Trichostrongylus nematodes are intestinal (mainly) parasites of animals, primarily ruminant mammals, including domesticated mammals such as sheep, goats, and camels (but, e,g, T. tenuis parasitizes birds and T. retortaeformis infects rabbits; Hoste et al. 1998). Trichostrongylus vitrinus is a parasite of sheep and a major cause of ovine gastroenteritis worldwide (Temperley et al. 2009 and references therein). Several species of Trichostrongylus have been known to infect humans, including T. orientalis, T. colubriformis, T. vitrinus, and T. axei. A variety of Trichostrongylus species are found worldwide, but they are more common where livestock is raised. (Centers for Disease Control Parasites and Health website)
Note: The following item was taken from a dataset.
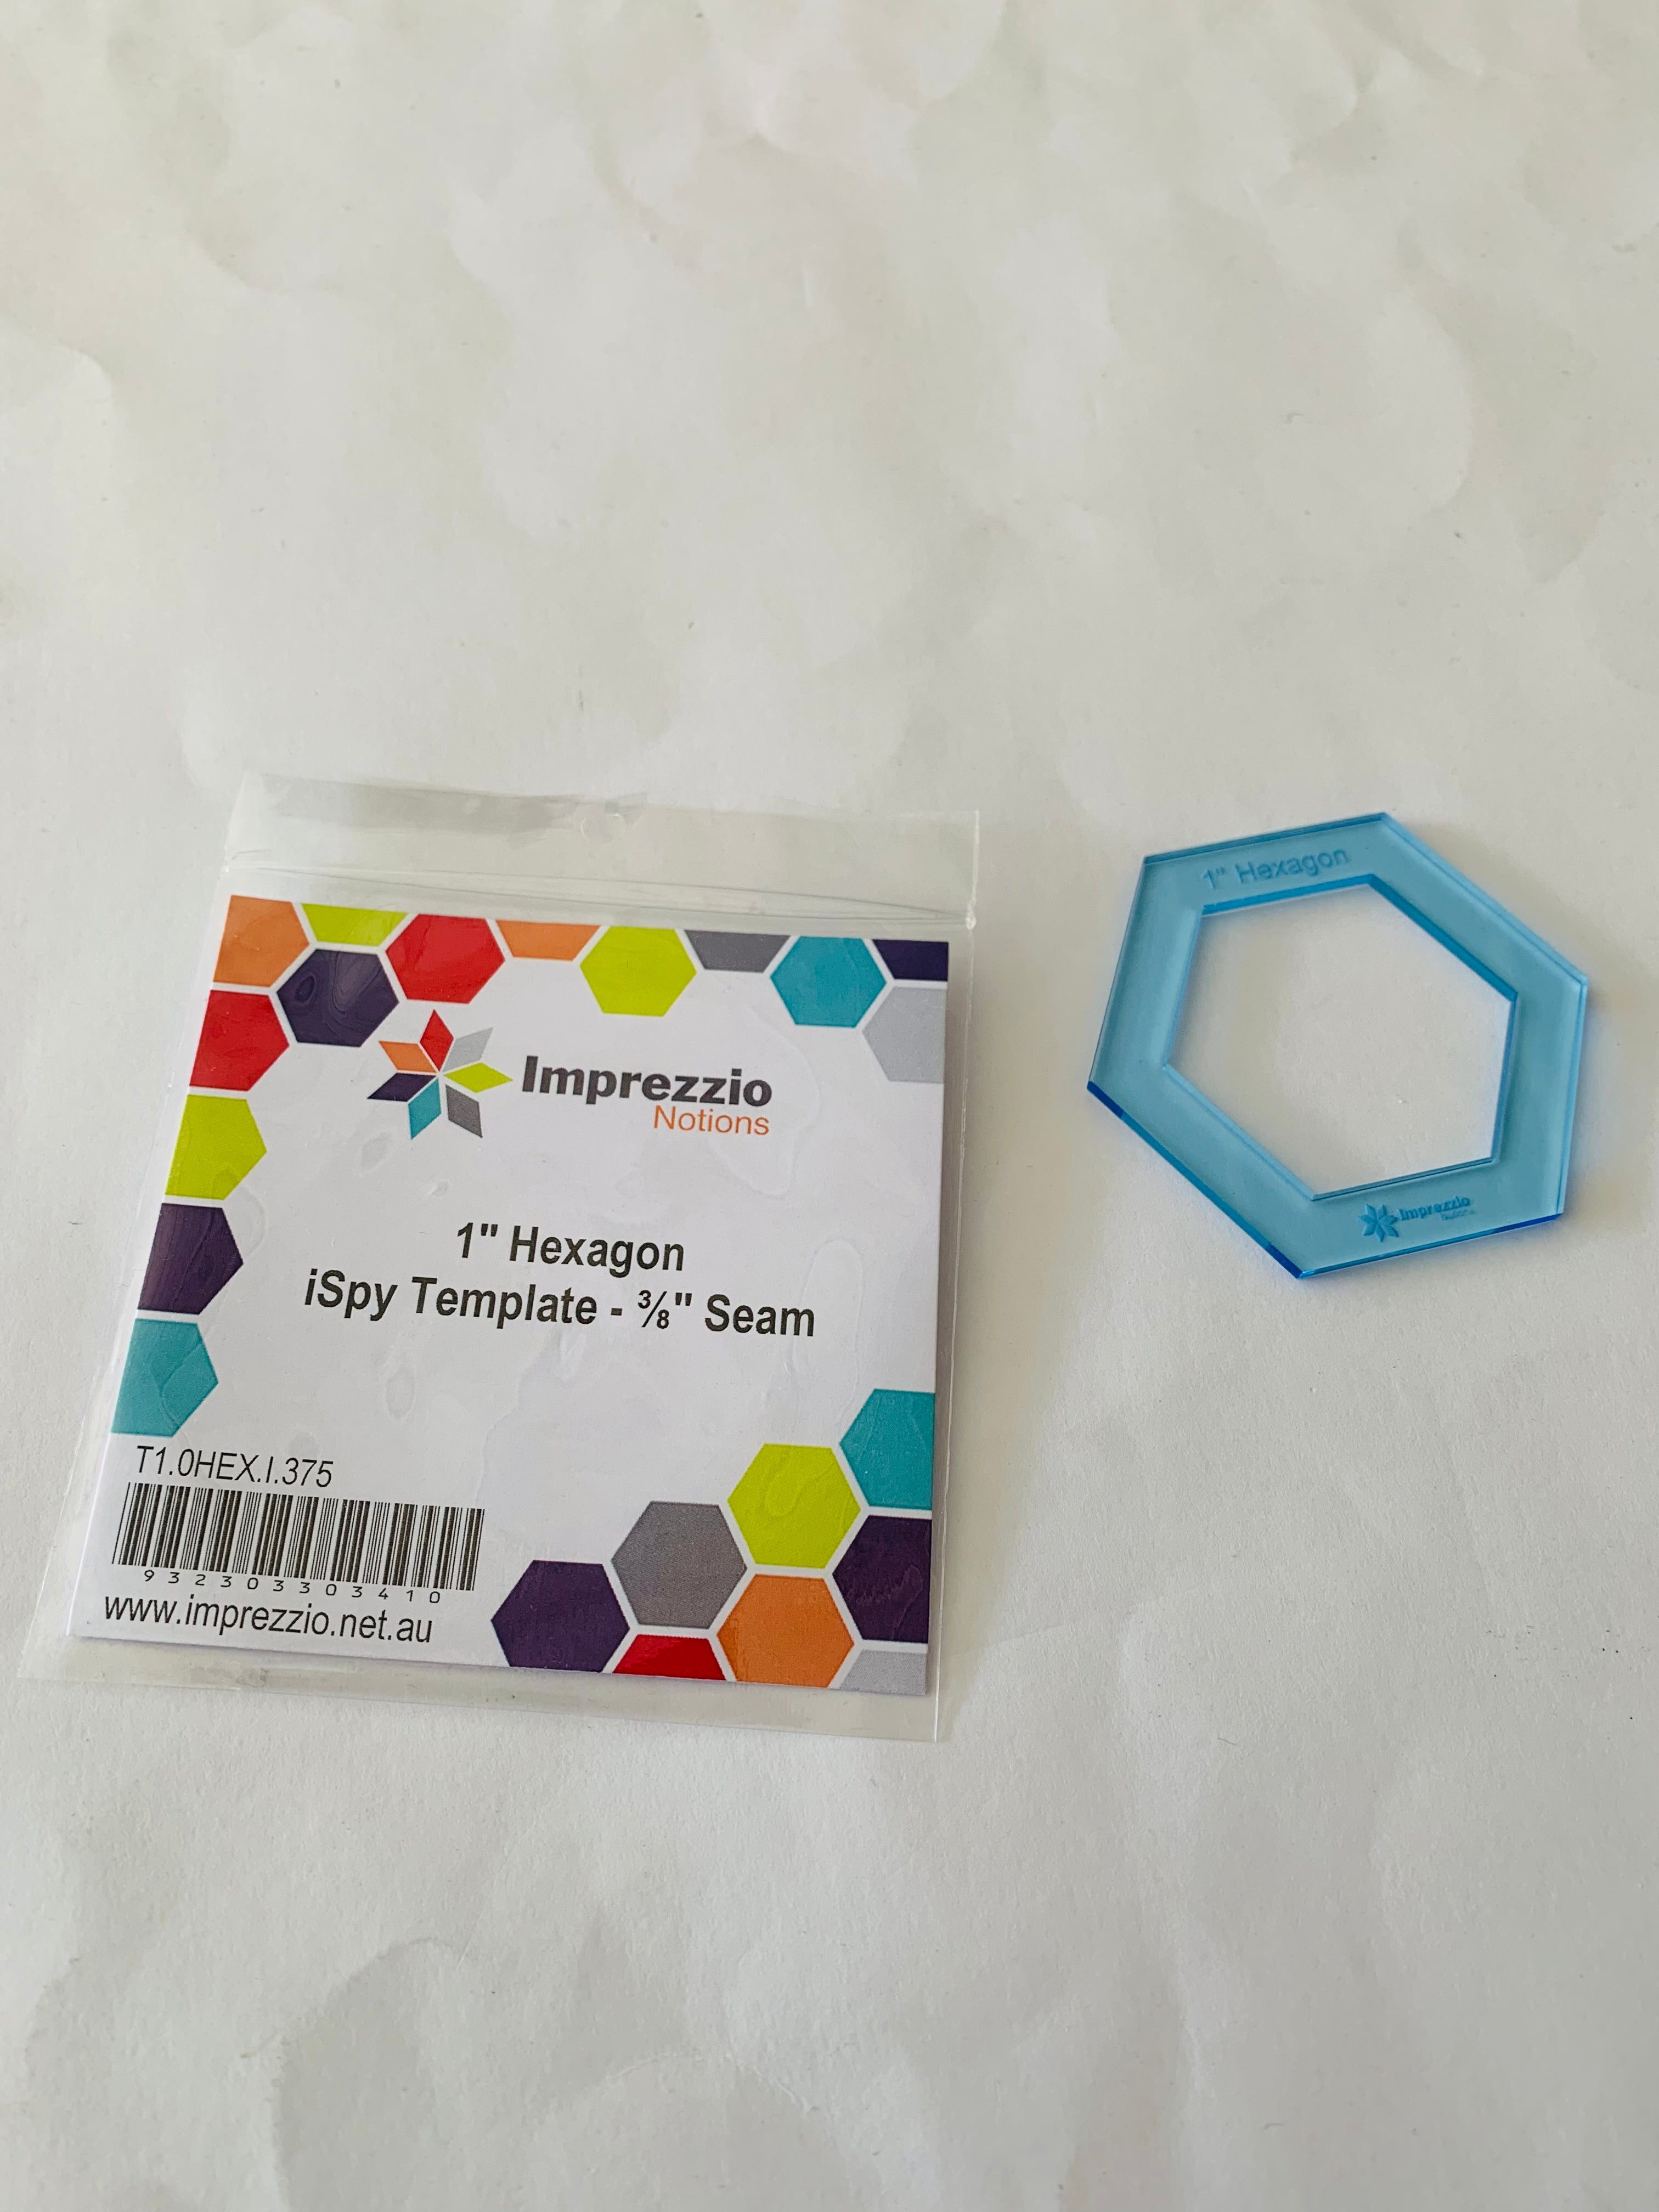 Imprezzio 1” Hexagon iSpy Template: 3/8” seam

Trichostrongylus eggs are passed in the stool of the definitive host (usually an herbivorous mammal) and under favorable conditions (moisture, warmth, shade) larvae hatch within several days. The released rhabditiform larvae grow in the soil or on vegetation and after 5 to 10 days (and two molts) they become filariform (third-stage) larvae that are infective. Infection of the human host occurs upon ingestion of these filariform larvae. The larvae reach the small intestine, where they reside and mature into adults. (Centers for Disease Control Parasites and Health website) Adult worms inhabit the digestive tract of the definitive host and may occur as incidental infections in humans (e.g., Lattès er al. 2011, which describes several individuals in a family being infected by eating strawberries from a garden that had been fertilized with fresh, rather than dried, sheep manure from infected sheep).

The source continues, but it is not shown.